WHEN Hong Kong goes hunting for hi-tech corporations to set up in the territory, it wields the simple and straight arrow of free enterprise. Singapore uses a battle tank, bristling with weapons designed to hook its targets.
Tax incentives, grants, training schemes, innovation subsidies, land deals - all are brought to bear on potential investors in the republic.
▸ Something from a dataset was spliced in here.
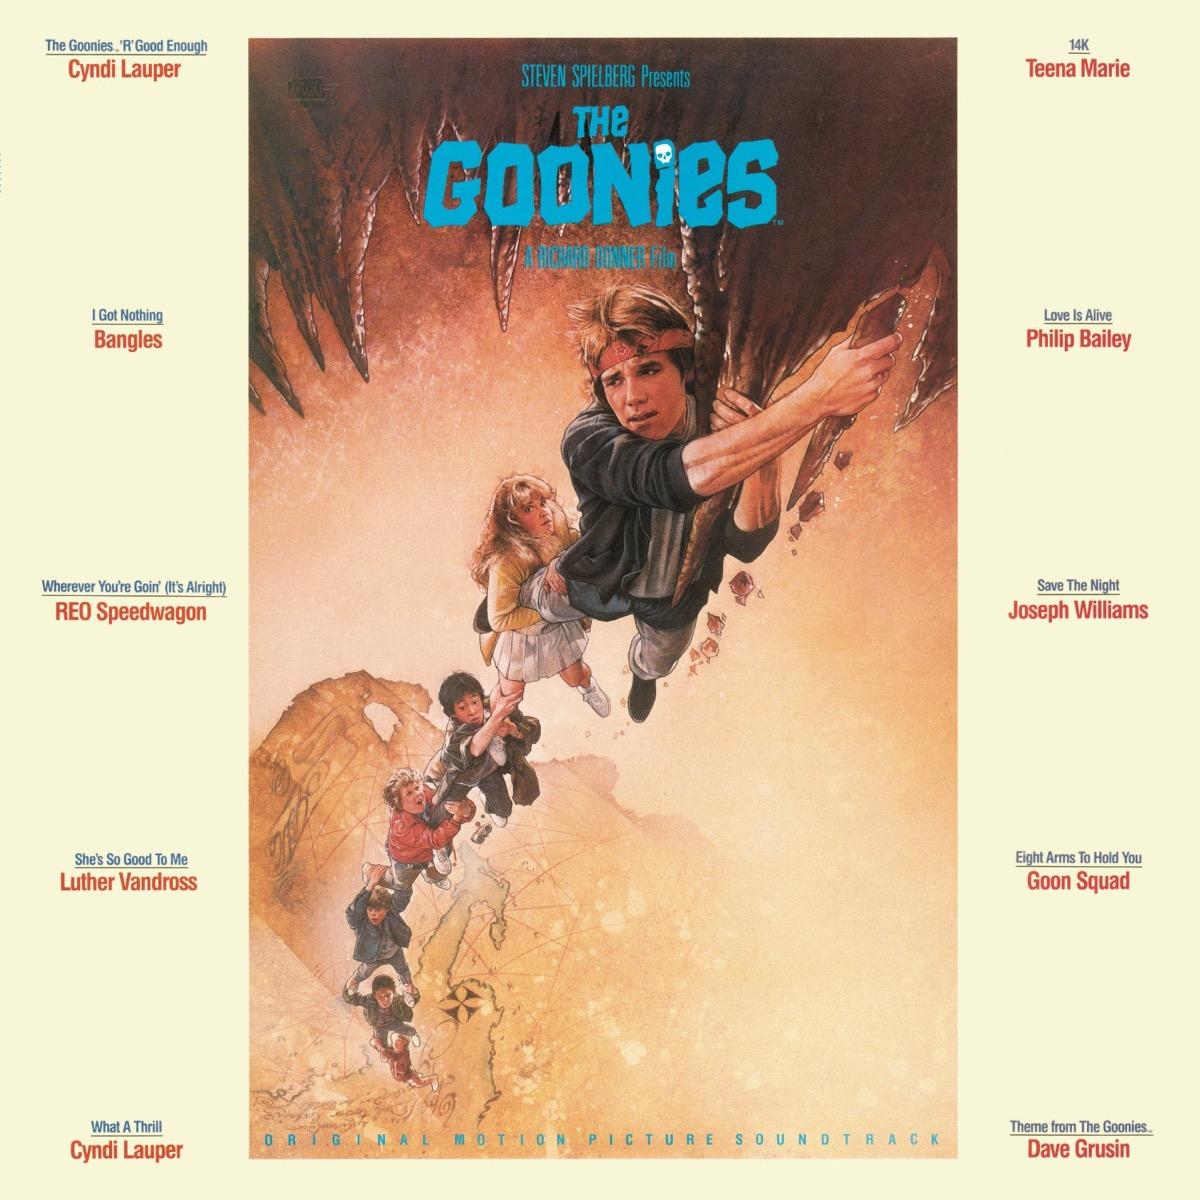 the goonies movie soundtrack album cover

Singapore will even wheel out a government company, happy to enter into a joint venture, contributing to the costs and splitting the rewards.
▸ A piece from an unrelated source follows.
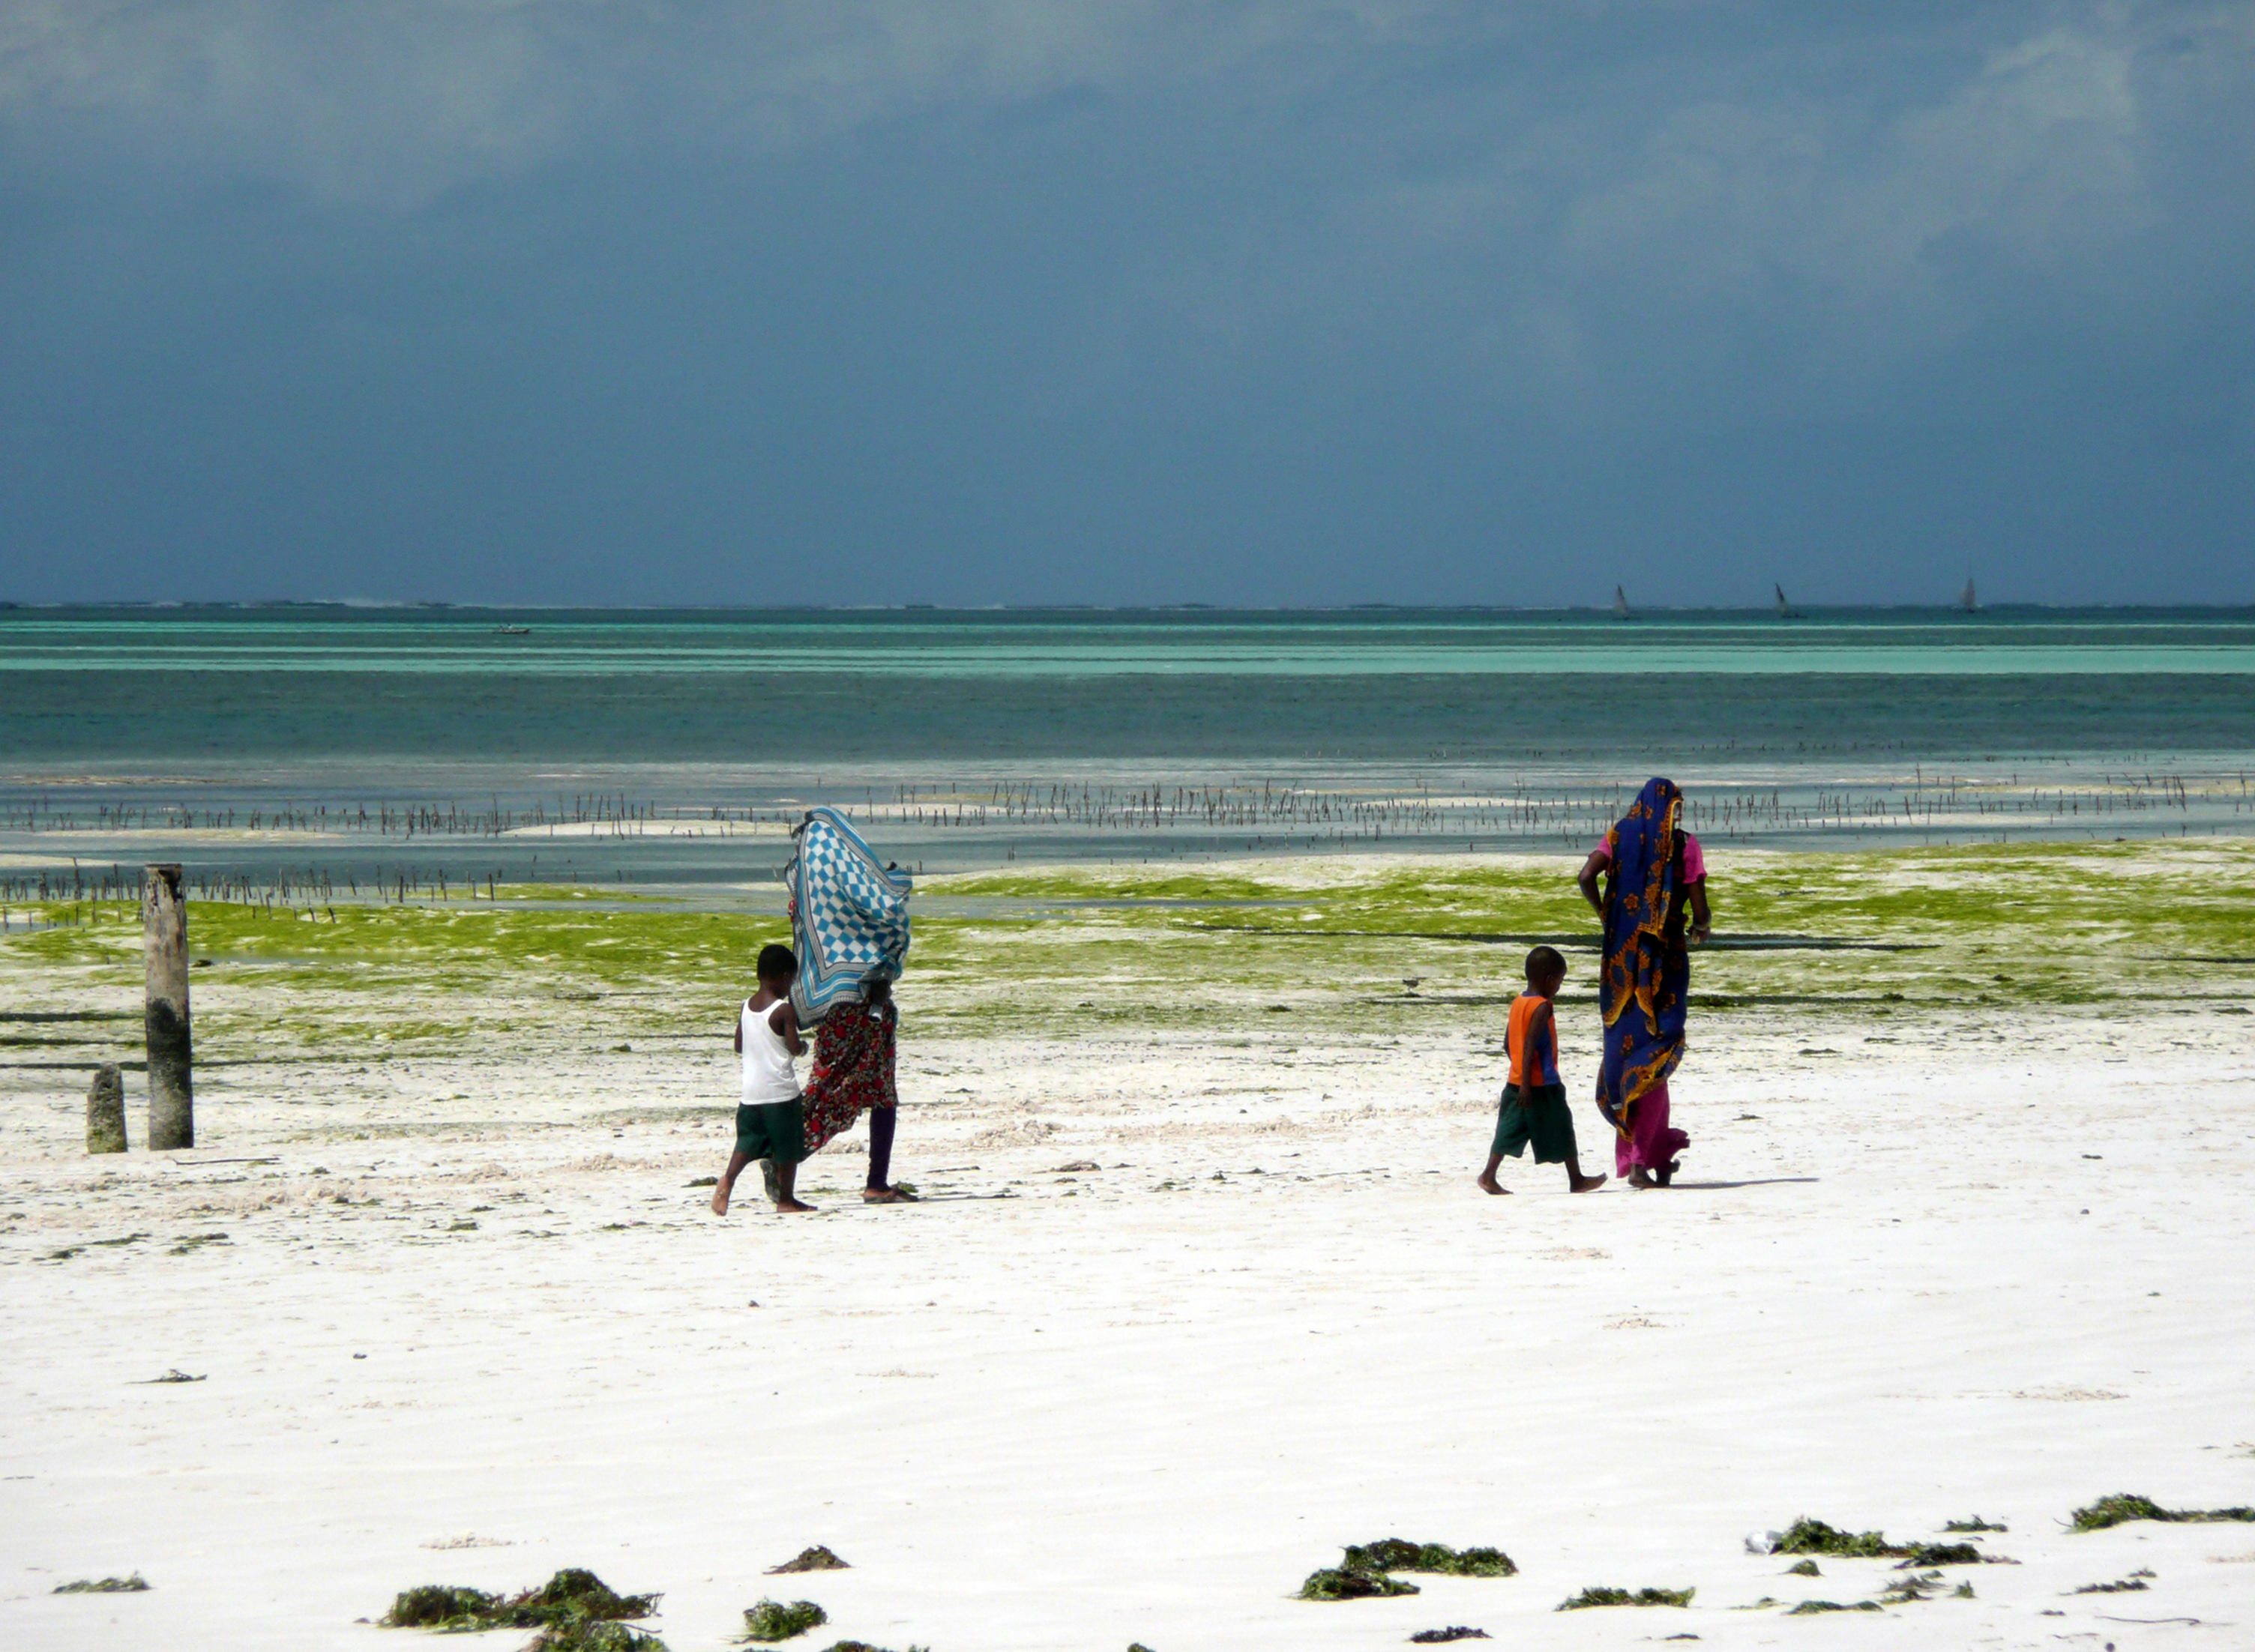 Ramasseuses d'algues, Kiwengwa, Zanzibar

Hong Kong's system has obvious merits: according to Financial Secretary Donald Tsang Yam-kuen the territory's uncluttered system of low tax, no interference has given it the edge as a location for regional headquarters by foreign companies - he estimates the territory leads by three to one.
When it comes to electronics in general, and wafer plants in particular there is no doubt who leads in the manufacturing of the hi-tech basic building blocks of the data processing industry.
Motorola's decision to base a wafer fabrication plant in the territory leaves the score at Hong Kong 1, Singapore 5, with at least a further four in what will just be the next wave.
Even the territory's one success prompted a Singapore-based industry analyst to ask: 'Why would anyone want to put a wafer fab plant there?' In investment terms, the estimated HK$4 billion which Motorola plans to spend goes up against the current US$14 billion plus which the republic has already attracted, and it is only just warming up.